Поклонники спорта знают, какое тоскливое чувство возникает, когда по телевизору показывают важную игру или матч, а ты в это время должен работать. После гастролей в Москве мне предстояло за двенадцать дней спеть пять опер в Гамбурге. Спектакли совпали с футбольными играми на Кубок мира 1974 года, которые проходили там же. После «Аиды» мне хотелось как можно скорее сбежать, чтобы успеть на стадион, где в этот день играли две немецкие команды (Западной и Восточной Германии). Выйдя в который уже раз на сцену, я решил, что этот поклон могу считать последним, и жестом показал за кулисы, демонстрируя свое желание поскорее уйти. Публика все поняла и отпустила меня. Я поехал на стадион прямо в костюме Радамеса и по дороге, в машине, снял грим. 30 июня давали «Сельскую честь» и «Паяцы», я пел только во второй опере. Пока публика слушала «Сельскую честь», я смотрел футбол, а когда в «Паяцах» я пел «Большое готовлю для вас представленье», то, вместо того чтобы поднять над головой, как требовала мизансцена, табличку с временем представления, я поднял транспарант, на котором сам написал «4:3»,— таким образом все узнали, с каким счетом команда ФРГ выиграла у команды Швеции.

В конце июля мы с Мартой отправились в Виаред-жо — я пел «Тоску» недалеко от Торре-дель-Лаго, где долгие годы жил Пуччини.
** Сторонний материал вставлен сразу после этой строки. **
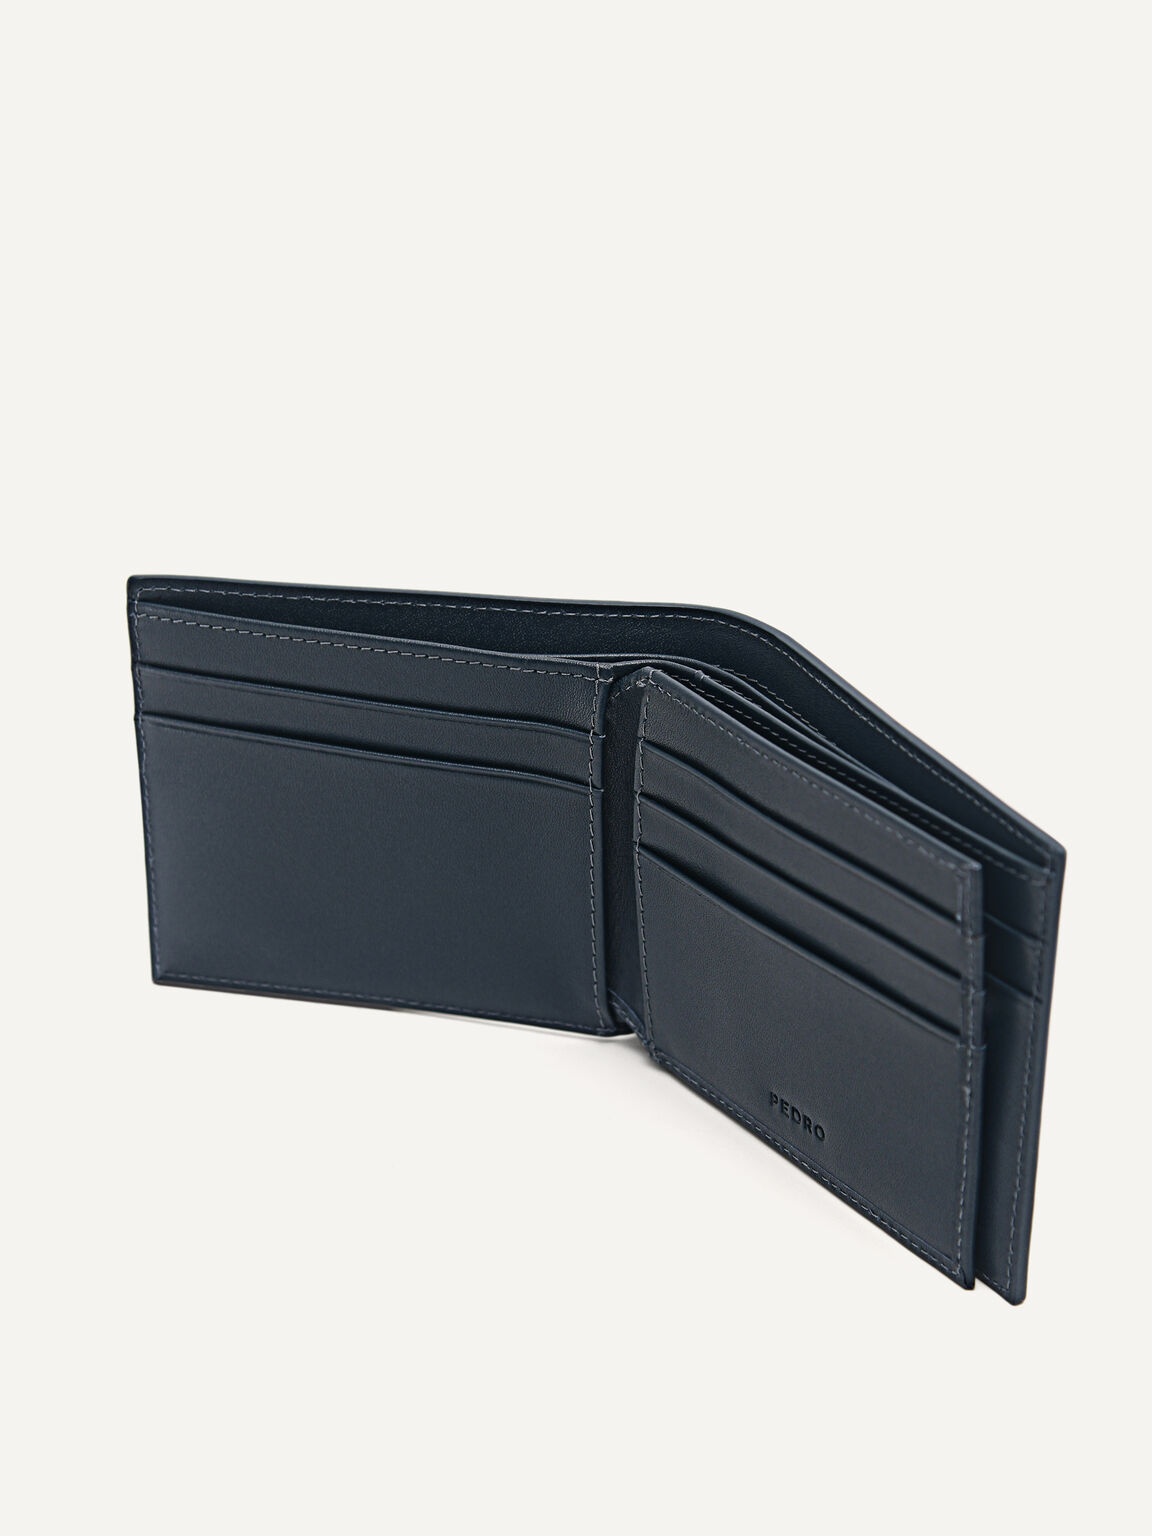 Leather Wallet, Navy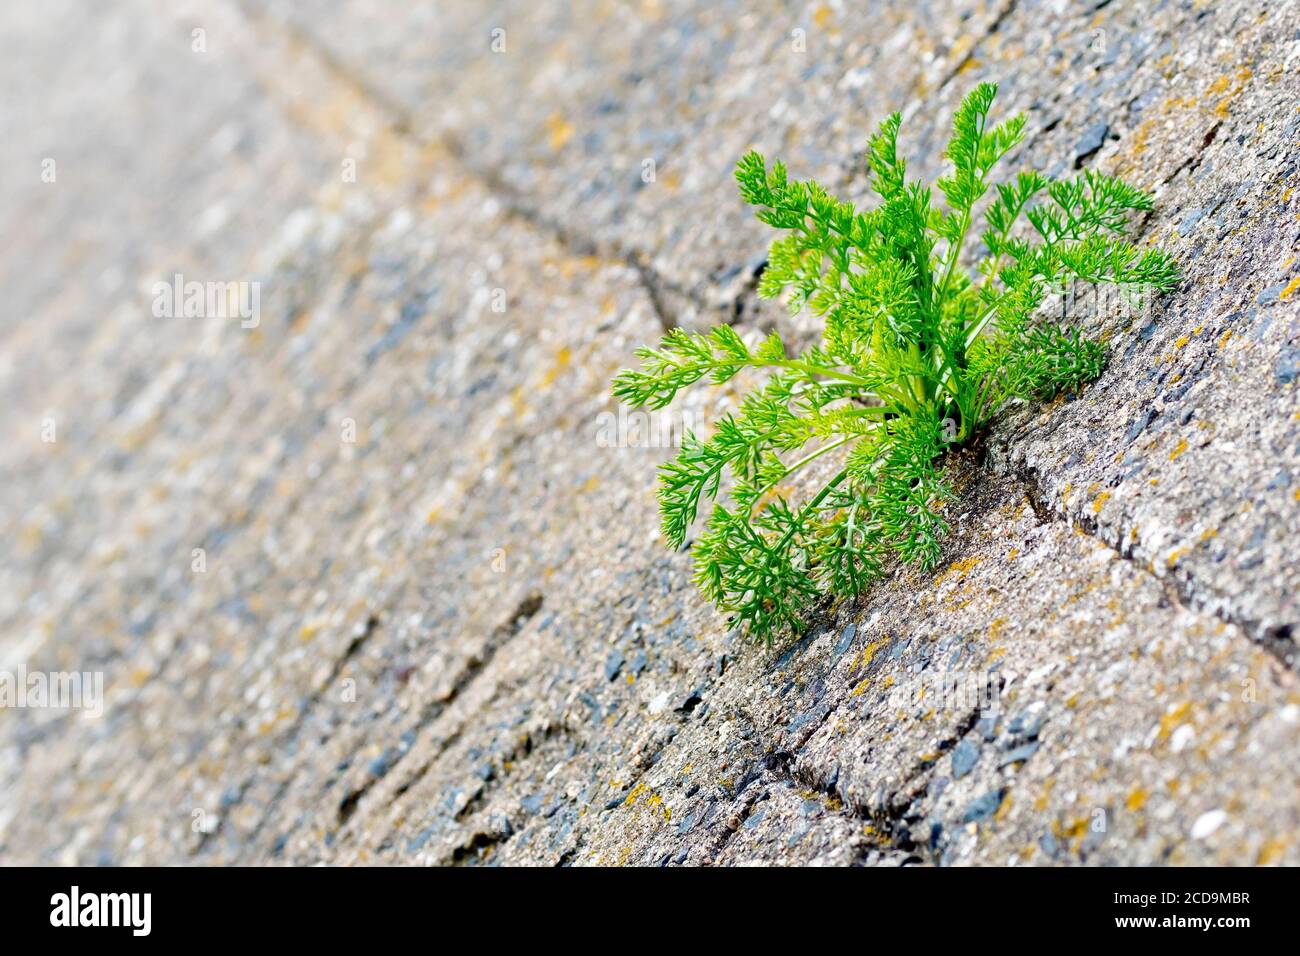 Close up of a Mayweed plant (tripleurospermum, matricaria) sprouting from a crack in the concrete sea defences along the shore. Stock Photo

Мне кажется, озеро Массачук-коли, похожее на болото, наводит тоску. Не знаю, есть ли между такими вещами реальная связь, но я рядом с этим озером все время думал о печальных событиях в операх Пуччини. Акустика открытого театра в Торре-дель-Лаго оставляет желать лучшего. Я посоветовал Симонетте Пуччини, наследнице композитора, сделать над театром стеклянную крышу или что-нибудь в этом роде, чтобы сохранить прекрасные виды, но одновременно уменьшить влажность и улучшить акустику.

В сентябре в Вене я записывался в «Мадам Баттерфляй» с Гербертом фон Караяном. Это была фонограмма для фильма, который снимал Жан-Пьер Поннель. Перед этим мы с Мартой и детьми отдыхали в Коста-Брава, так что, когда я приехал в Вену, то не пел уже семнадцать дней. Я надеялся, что голос будет звучать свежо, и даже не распевался перед сеансом записи. К счастью, в результате все получилось неплохо, но это стоило мне громадных усилий. Я чуть не «завалил» запись из-за того, что не распевался. Теперь я всегда очень осторожно и тщательно готовлю голос, даже если между выступлениями прошло всего шесть дней.